As the basins filled, volcanically driven geothermal vents heated the water and created convection. The result was constant water movement, creating a thick primordial soup. (Credit: Image courtesy of Texas Tech University)
“For may years, the debate on the origins of life centered on the chemical evolution of living cells from organic molecules by natural processes. Chatterjee said life began in four steps of increasing complexity – cosmic, geological, chemical and biological.
In the cosmic stage, a still-forming Earth and our solar system took a daily pounding from rocky asteroids and icy comets between 4.1 to 3.8 billion years ago. Plate tectonics, wind and water have hidden evidence of this early onslaught on our planet, but ancient craters on the surfaces of Mars, Venus, Mercury and our moon show just how heavy the meteorite showers once were.
Larger meteorites that created impact basins of about 350 miles in diameter inadvertently became the perfect crucibles, he said. These meteorites also punched through the Earth’s crust, creating volcanically driven geothermal vents. Also, they brought the basic building blocks of life that could be concentrated and polymerized in the crater basins.
After studying the environments of the oldest fossil-containing rocks on Earth in Greenland, Australia and South Africa, Chatterjee said these could be remnants of ancient craters and may be the very spots where life began in deep, dark and hot environments.
Because of Earth’s perfect proximity to the sun, the comets that crashed here melted into water and filled these basins with water and more ingredients. This gave rise to the geological stage. As these basins filled, geothermal venting heated the water and created convection, causing the water to move constantly and create a thick primordial soup.
“The geological stage provides special dark, hot, and isolated environments of the crater basins with the hydrothermal vent systems that served as incubators for life,” he said. “Segregation and concentration of organic molecules by convective currents took place here, something like the kinds we find on the ocean floor, but still very different. It was a bizarre and isolated world that would seem like a vision of hell with the foul smells of hydrogen sulfide, methane, nitric oxide and steam that provided life-sustaining energy.”
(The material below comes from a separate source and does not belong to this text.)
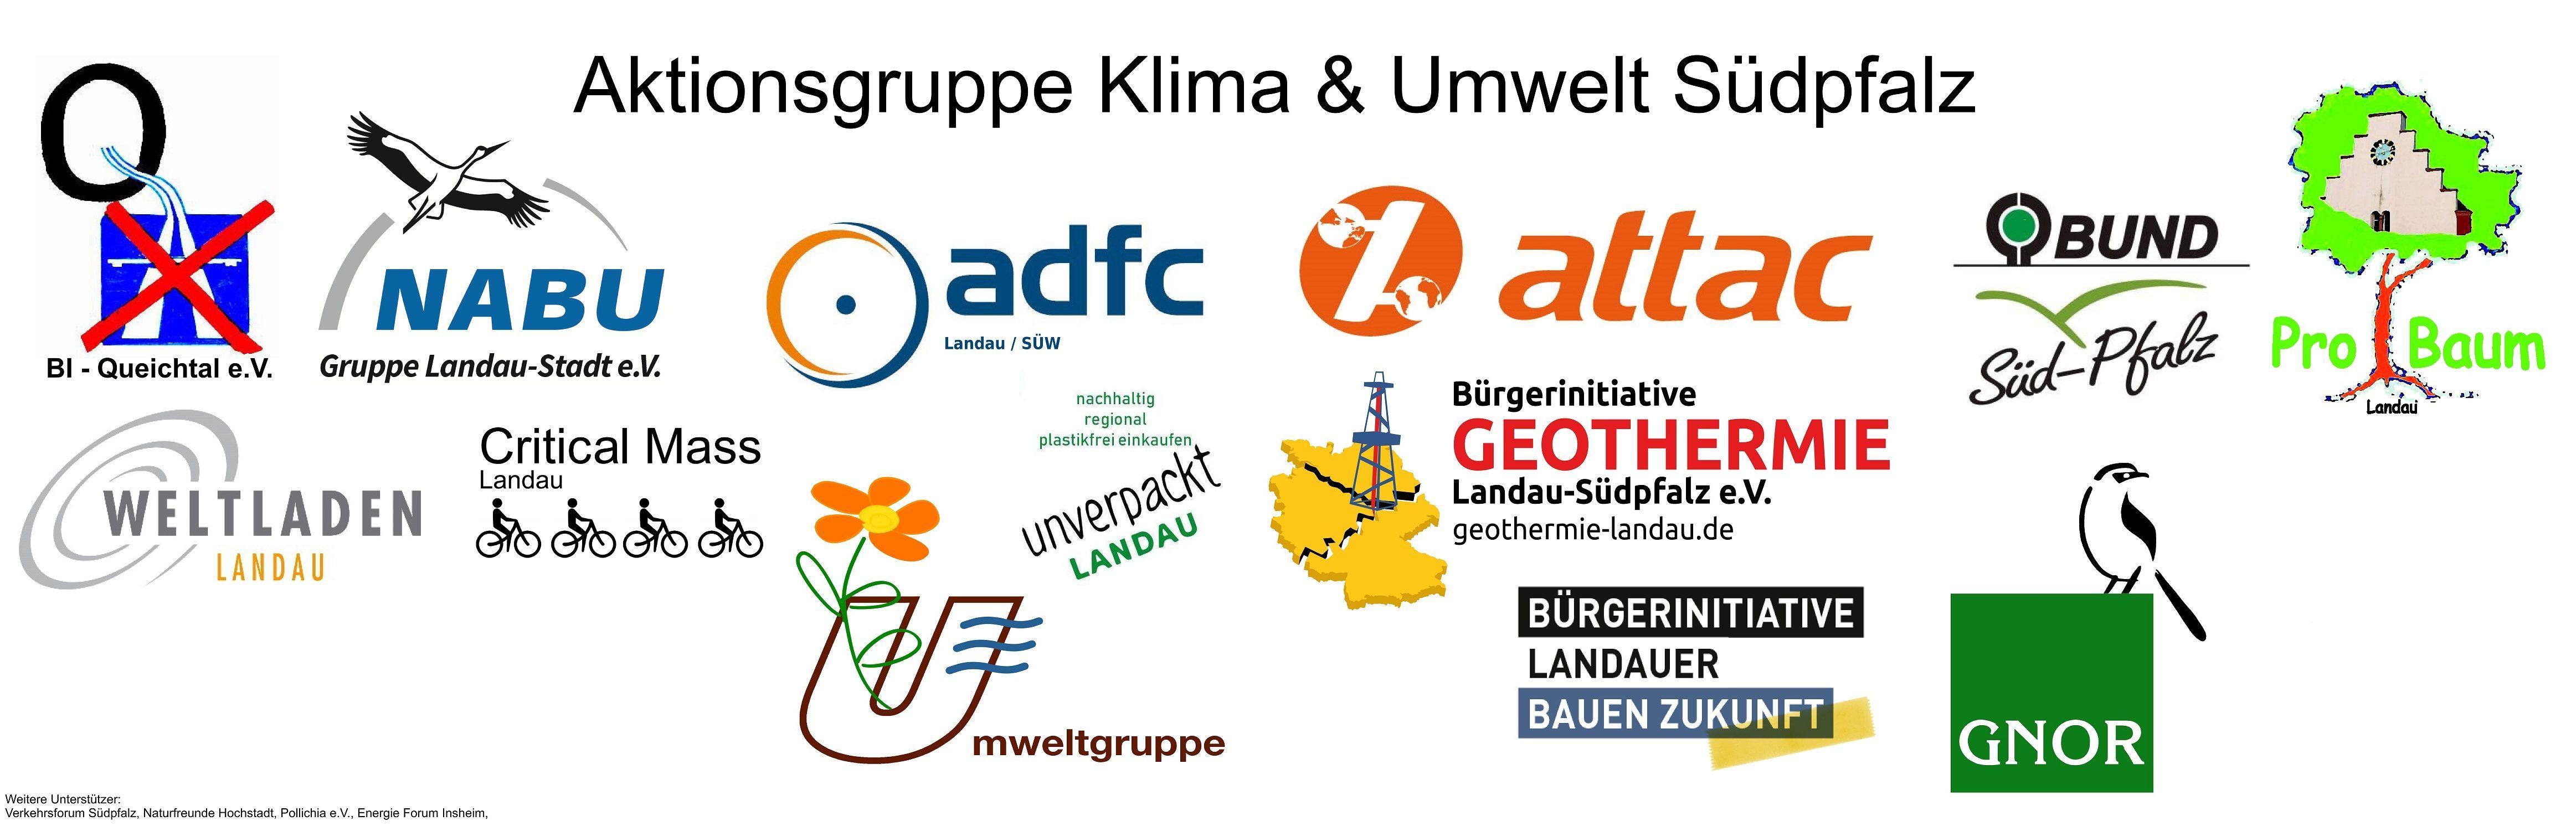 Aktionsgruppe Klima und Umwelt Südpfalz

Then began the chemical stage, Chatterjee said. The heat churning the water inside the craters mixed chemicals together and caused simple compounds to grow into larger, more complex ones.
Protecting Important Information
Eventually, the first life forms left the confines of the crater and ventured into the newly formed oceans. (Credit: Image courtesy of Texas Tech University)
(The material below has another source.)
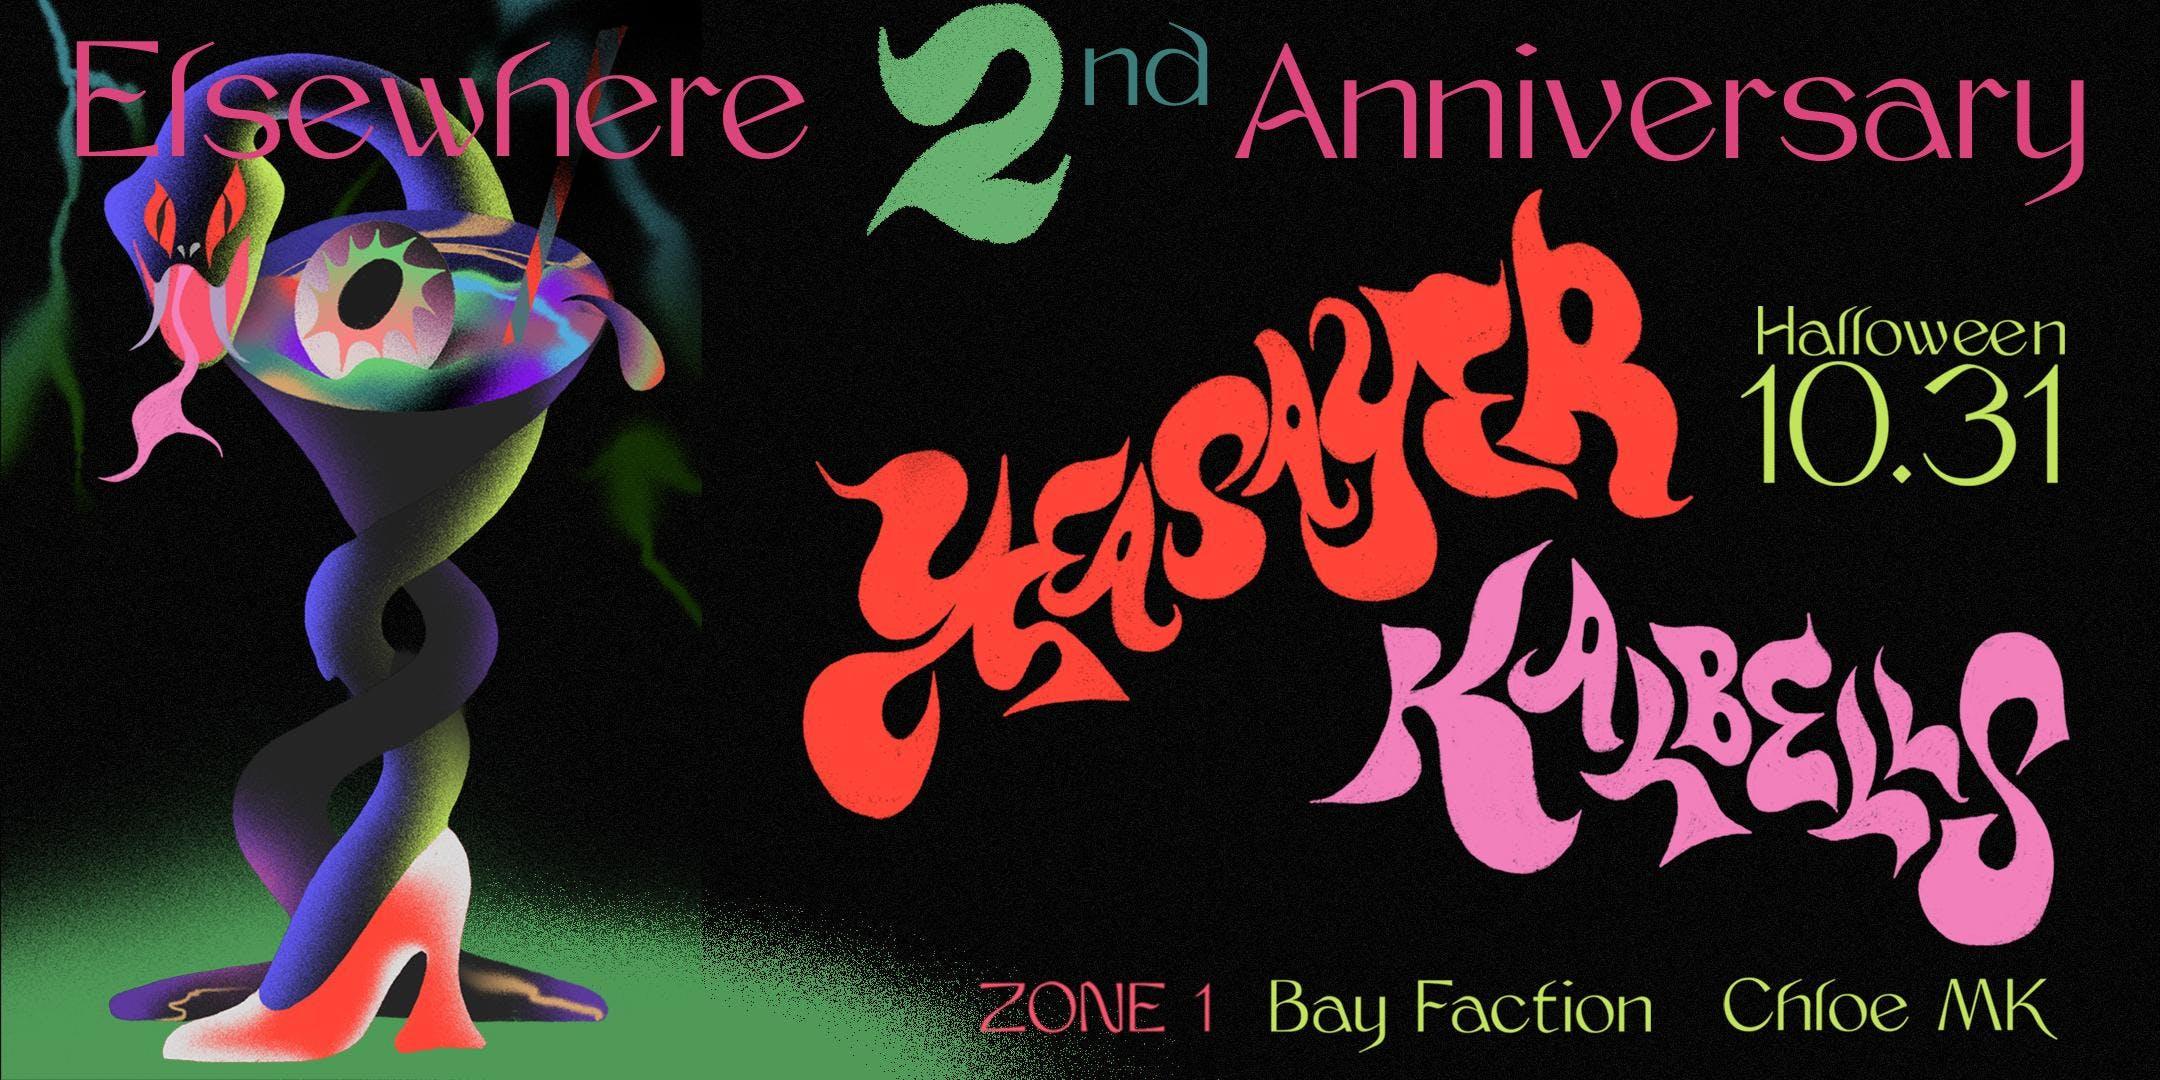 Yeasayer (Elsewhere 2 Year Anniversary!)

Most likely, pores and crevices on the crater basins acted as scaffolds for concentrations of simple RNA and protein molecules, he said. Unlike a popular theory that believes RNA came first and proteins followed, Chatterjee believes RNA and proteins emerged simultaneously and were encapsulated and protected from the environment.
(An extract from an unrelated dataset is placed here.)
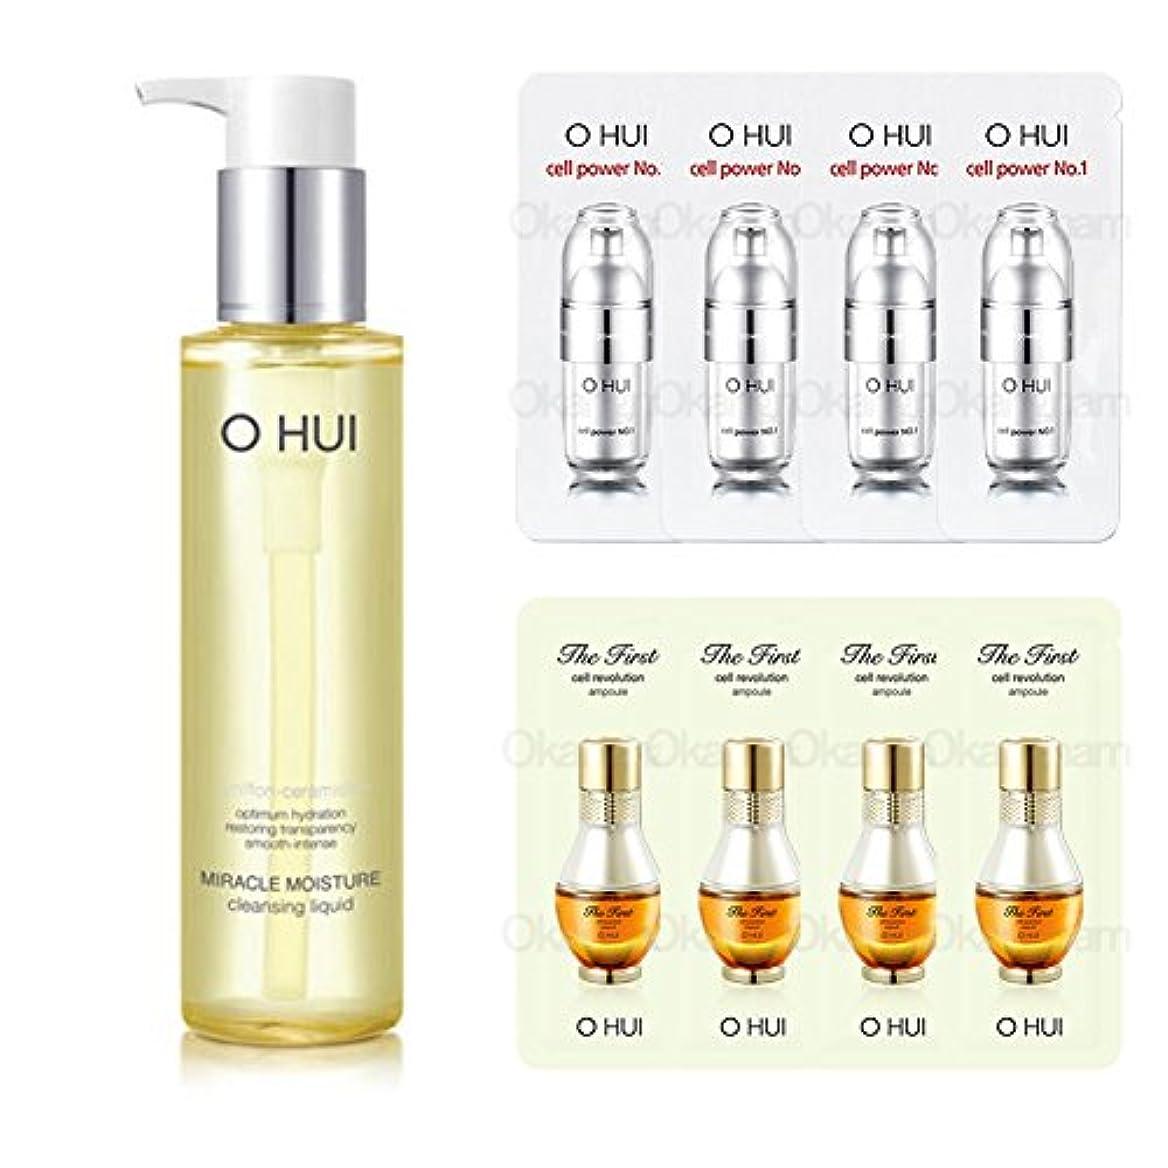 蒸留取り壊す注入オフィ/ O HUI LG生活健康/OHUI Cleansing Oilミラクルモイスチャークレンジングリキッド150ml+ Sample Gift (海外直送品)

“The dual origin of the ‘RNA/protein’ world is more plausible in the vent environments than the popular ‘RNA world,’” he said. “RNA molecules are very unstable. In vent environments, they would decompose quickly. Some catalysts, such as simple proteins, were necessary for primitive RNA to replicate and metabolize. On the other hand, amino acids, from which proteins are made, are easier to make than RNA components.”
The question remains how loose RNA and protein material floating in this soup protected itself in a membrane. Chatterjee believes University of California professor David Deamer’s hypothesis that membranous material existed in the primordial soup. Deamer isolated fatty acid vesicles from the Murchison meteorite that fell in 1969 in Australia. The cosmic fatty bubbles extracted from the meteorite mimic cell membranes.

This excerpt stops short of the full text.